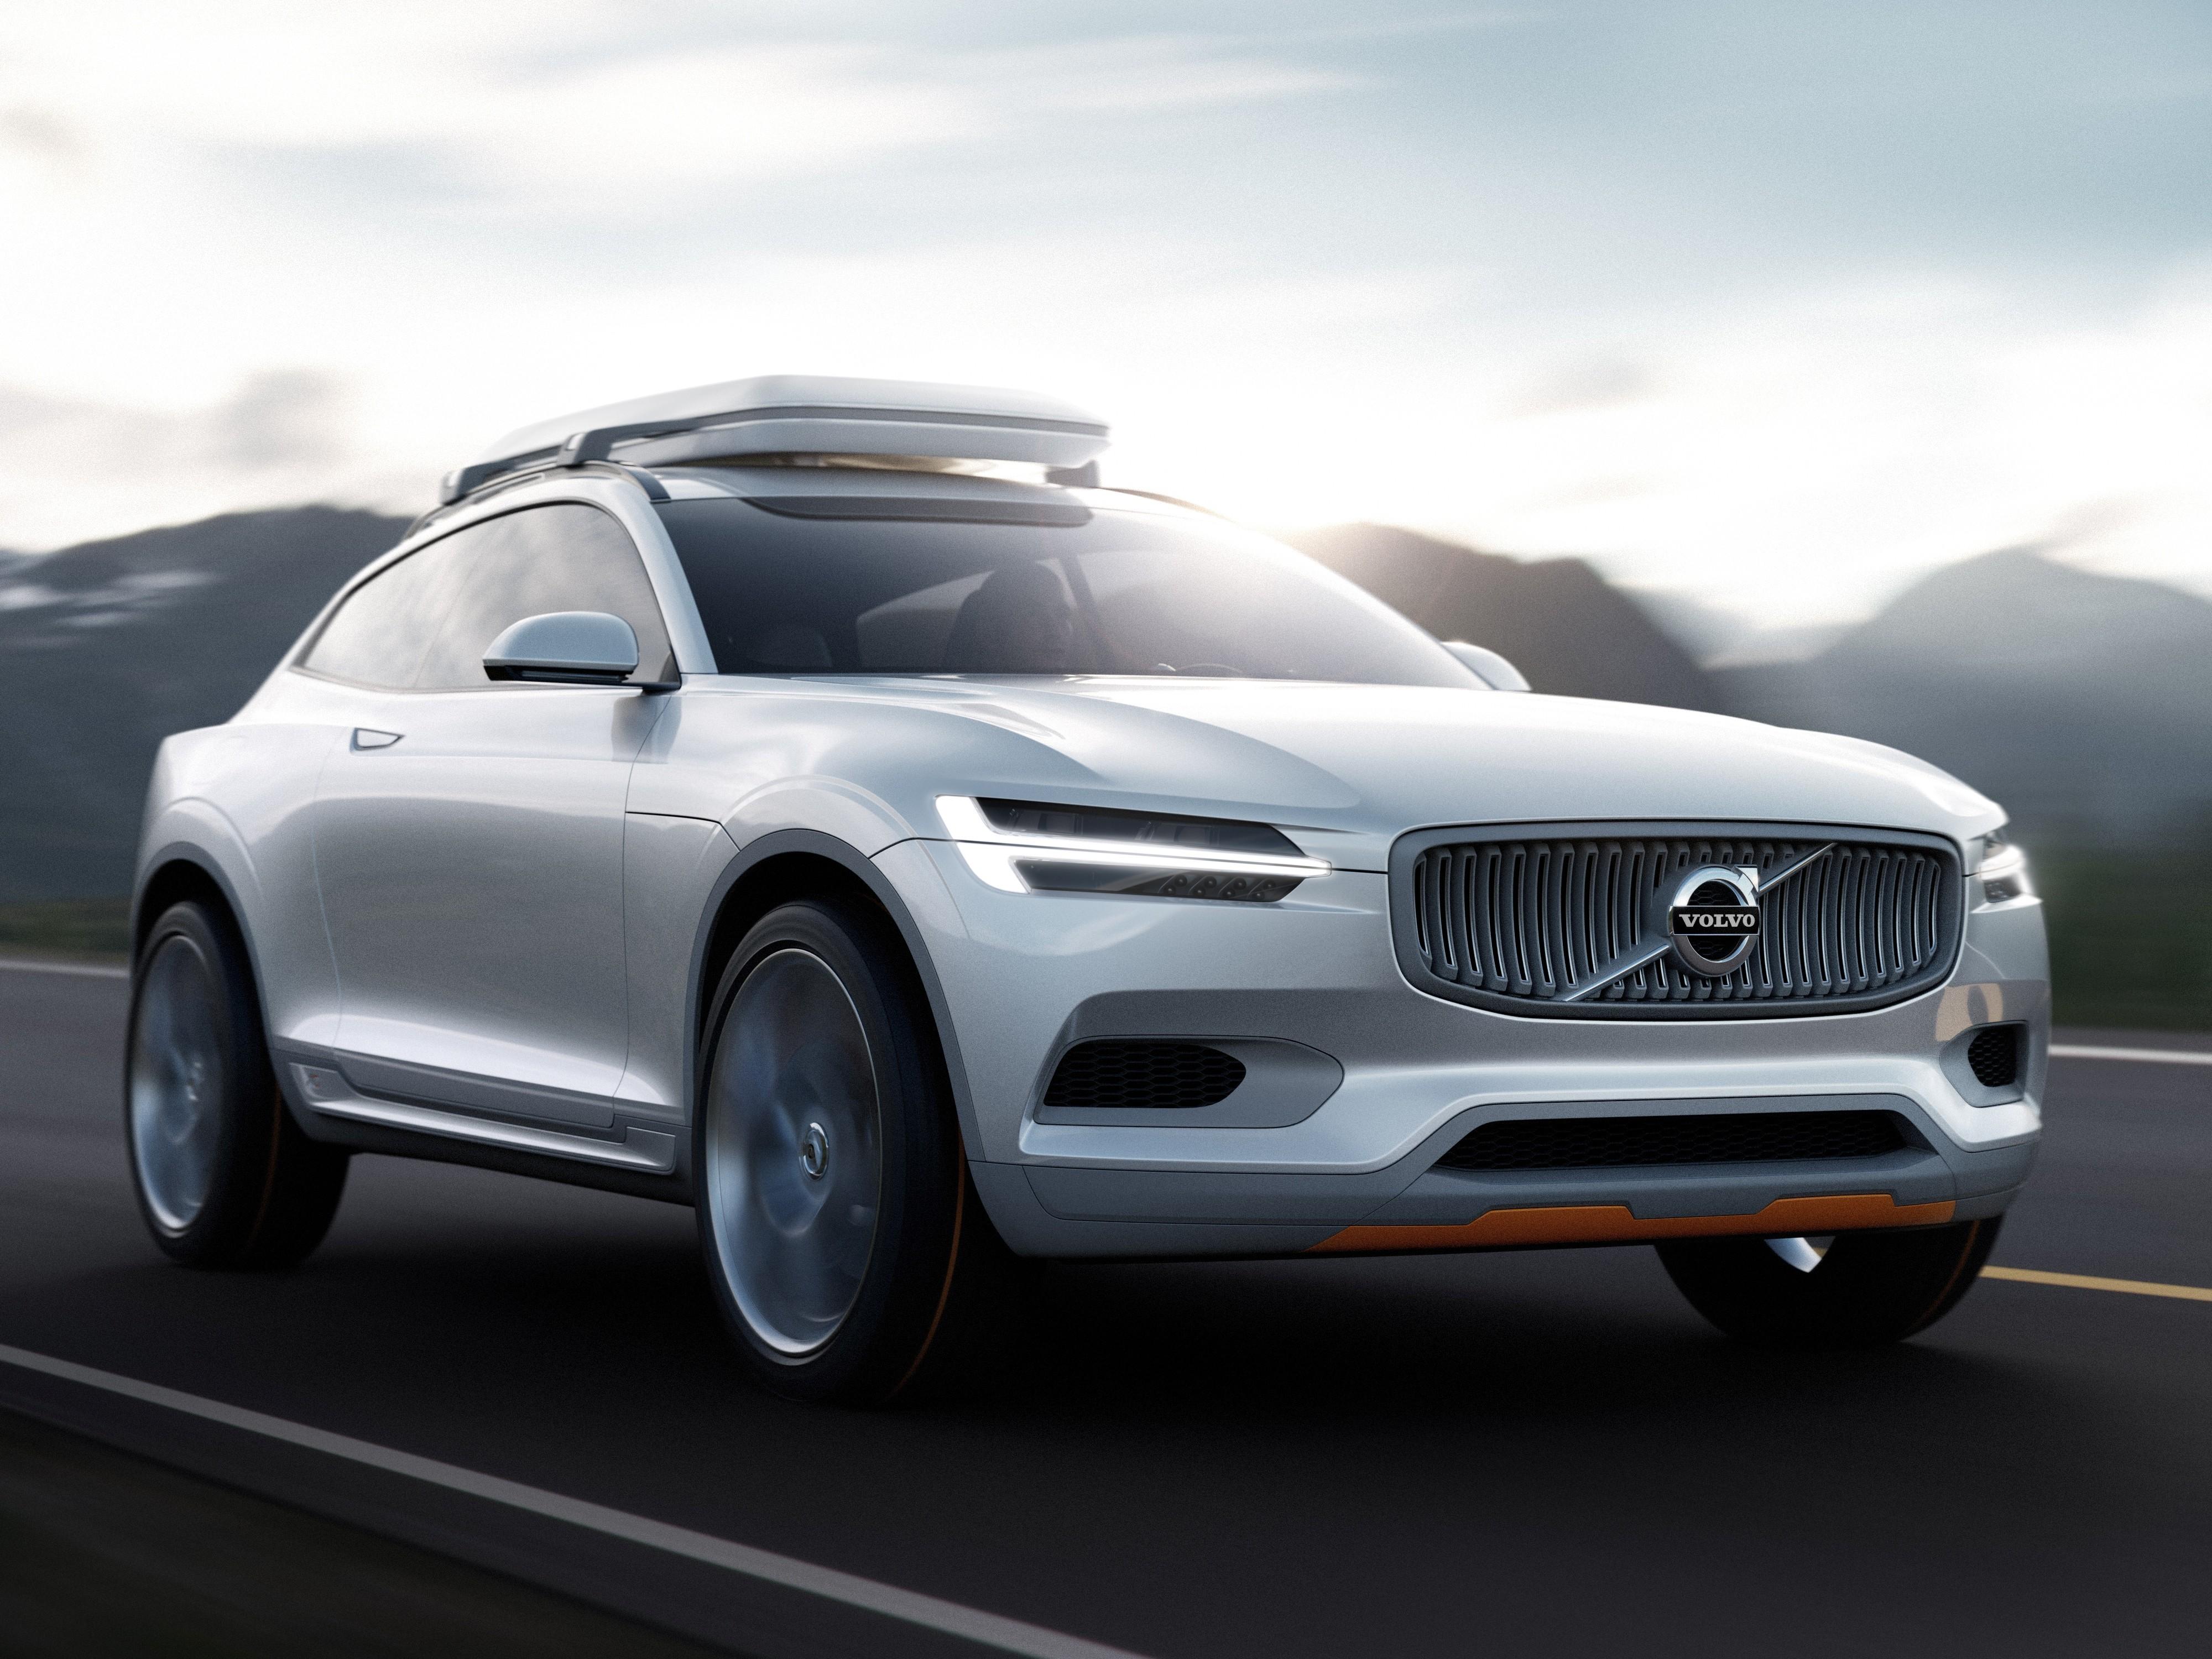 По скетчам можно проникнуться духом и философией будущей модели. Фото Volvo
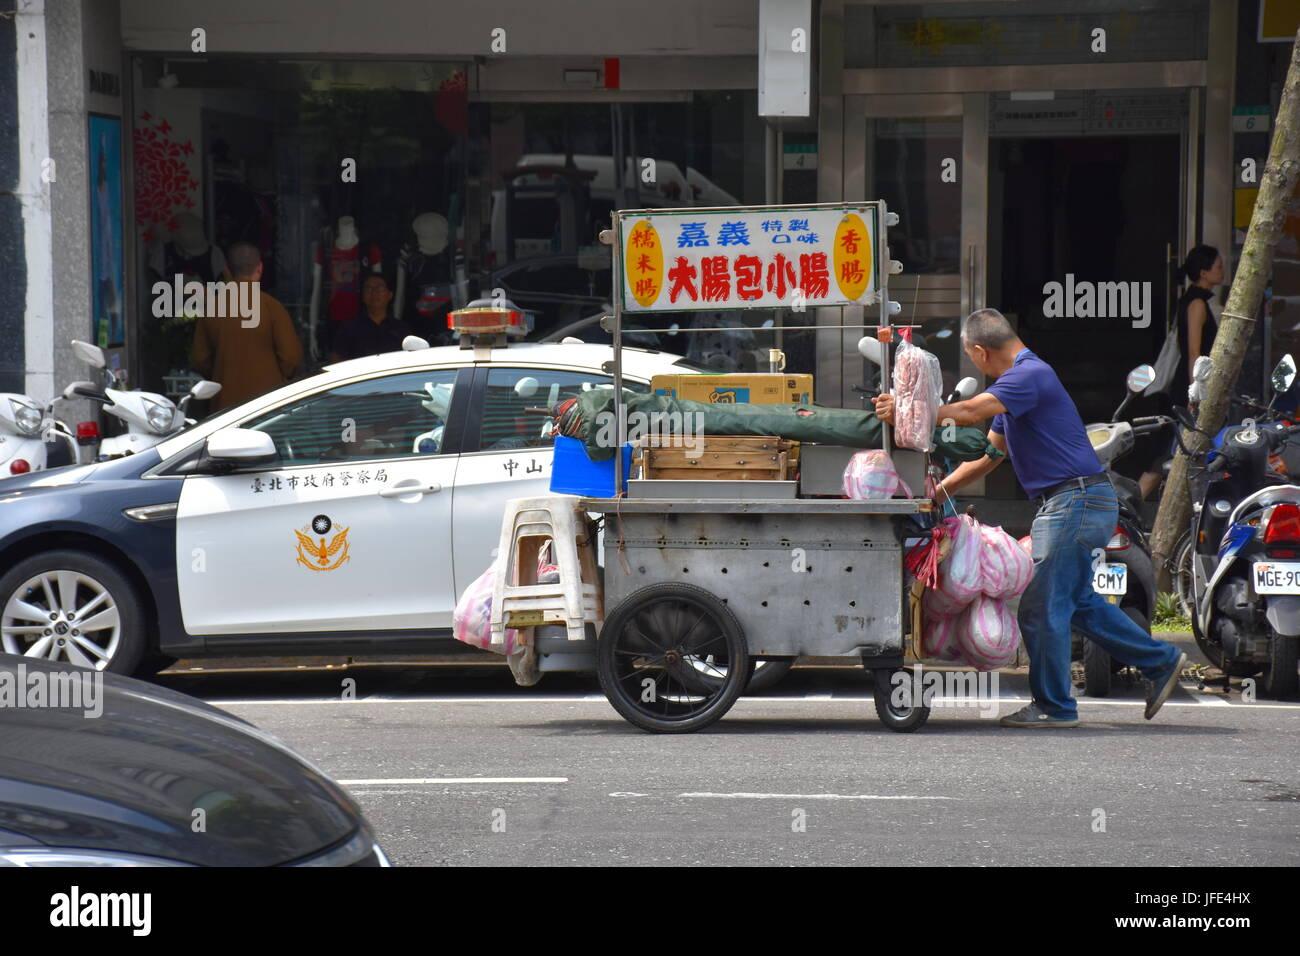 Un stand alimentaire personne pousse son panier au-delà d'un poste de police près de l'hôpital Mackay. Taipei, Taiwan. Banque D'Images
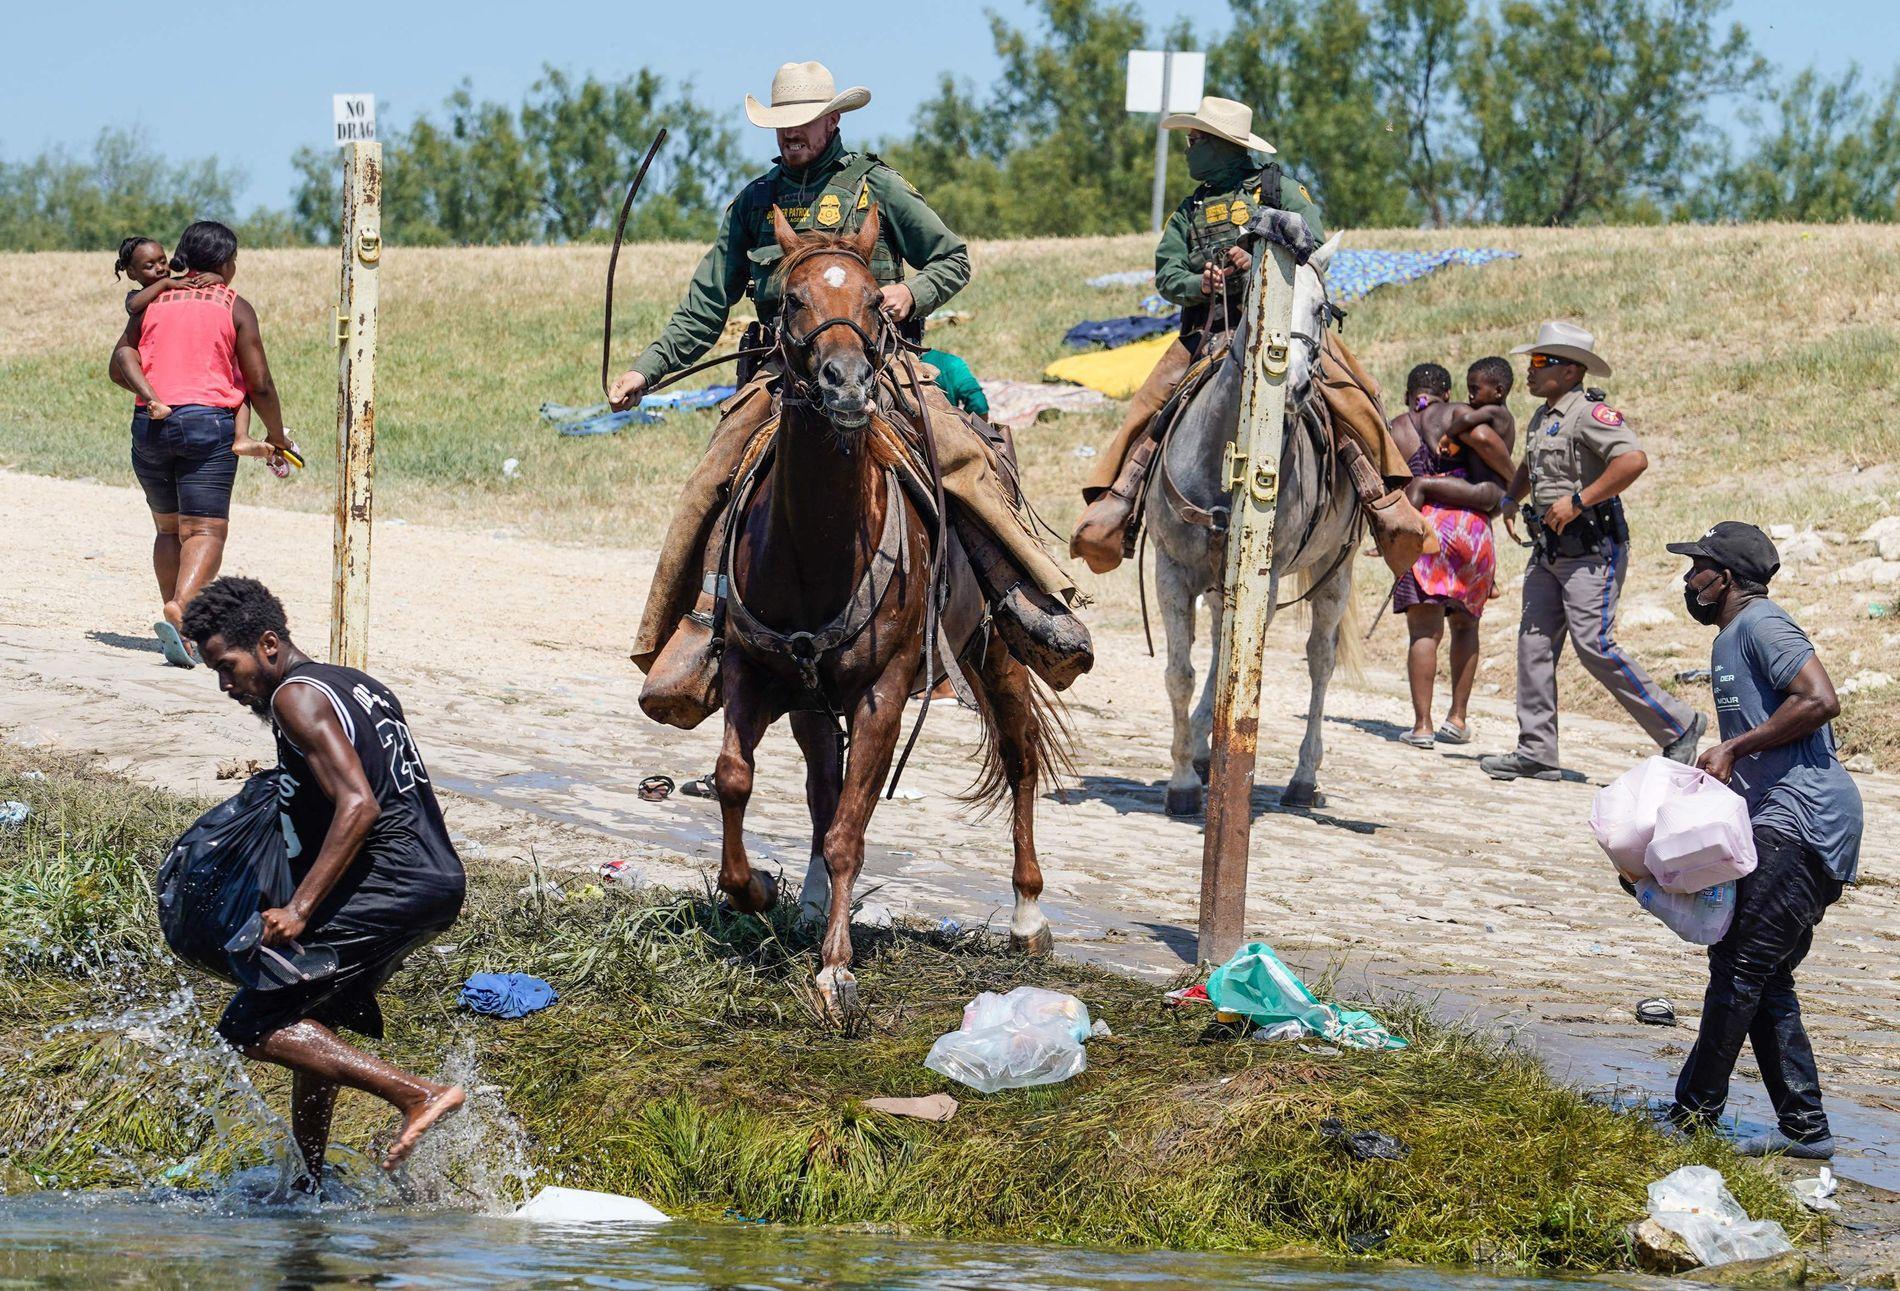 Skal granske pisking av haitiske migranter: – Forferdet - VG

__________________________________________________

## Aim of the exercise
Apart from the pictures, all of the data must be duplicated exactly as shown above.

## Task response
 По скетчам можно проникнуться духом и философией будущей модели. Фото Volvo
 Un stand alimentaire personne pousse son panier au-delà d'un poste de police près de l'hôpital Mackay. Taipei, Taiwan. Banque D'Images
 Skal granske pisking av haitiske migranter: – Forferdet - VG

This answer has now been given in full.